We use three embeddings for the entity payloads. Each entity gets the following embeddings:
- Entity: learned embedding
- Type: learned embedding for each of its types
- Relation: learned embedding for each relation it participates in on Wikidata
We also allow the use of other entity-based features. In our benchmark model, we use a title embedding and a Wikipedia page co-occurrence statistical feature.
These embeddings are concatenated and projected to form an entity payload.
- Input: contextualized word embeddings (e.g. BERT) and entity payloads
- Network: uses transformer modules to learn patterns over phrases and entities
- Phrase Module: attention over the sentence and entity payloads
- Co-Occurrence Module: self-attention over the entity payloads
- KG Module: takes the sum of the output of the phrase and co-occurrence modules and leverages KG connectivity among candidates as weights in an attention
- Score: uses MLP softmax layers to score each mention and candidate independently, selecting the most likely candidate per mention
In the figure above, M represents the maximum number of mentions (or aliases) in the sentence, K represents the maximum number of candidates considered per mention, and N represents the maximum number of sub-words in the sentence. Typically, we use M=10, K=30, and N=100. Additionally, H is the hidden dimension used throughout the backbone, E is the dimension of the learned entity embedding, R the dimension of the learned relation embedding, and T the dimension of the learned type embedding. We further select an entity's 3 most popular types and 50 most unique Wikidata relations. These are all tunable parameters in Bootleg.

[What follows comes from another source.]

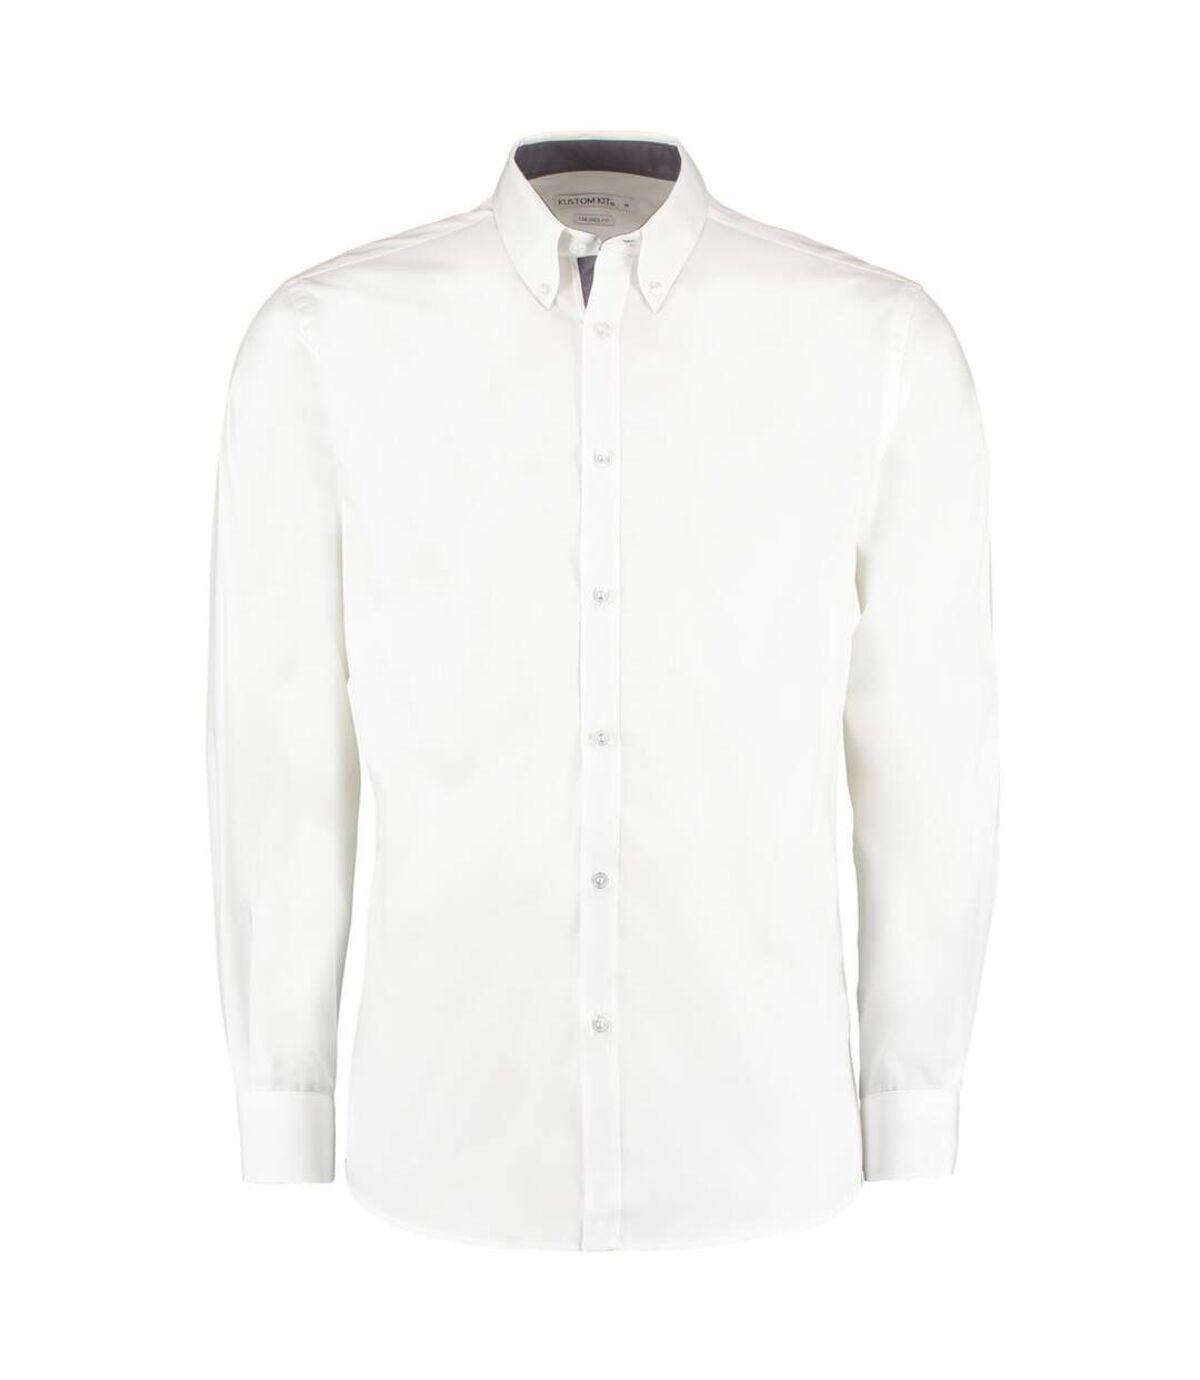 Kustom Kit Mens Contrast Premium Oxford Shirt (White/Navy) - UTBC2682

Given a pretrained model, we support three types of inference: --mode eval
, --mode dump_preds
, and --mode dump_embs
. Eval
mode is the fastest option and will run the test files through the model and output aggregated quality metrics to the log. Dump_preds
mode will write the individual predictions and corresponding probabilities to a jsonlines file. This is useful for error analysis. Dump_embs
mode is the same as dump_preds
, but will additionally output contextual entity embeddings. These can then be read and processed in a downstream system.
We recommend using GPUs for training Bootleg models. For large datasets, we support distributed training with Pytorch's Distributed DataParallel framework to distribute batches across multiple GPUs. Check out the Basic Training and Advanced Training tutorials for more information and sample data!
Bootleg produces contextual entity embeddings (as well as learned static embeddings) that can be used in downstream tasks, such as relation extraction and question answering. Check out the tutorial to see how this is done.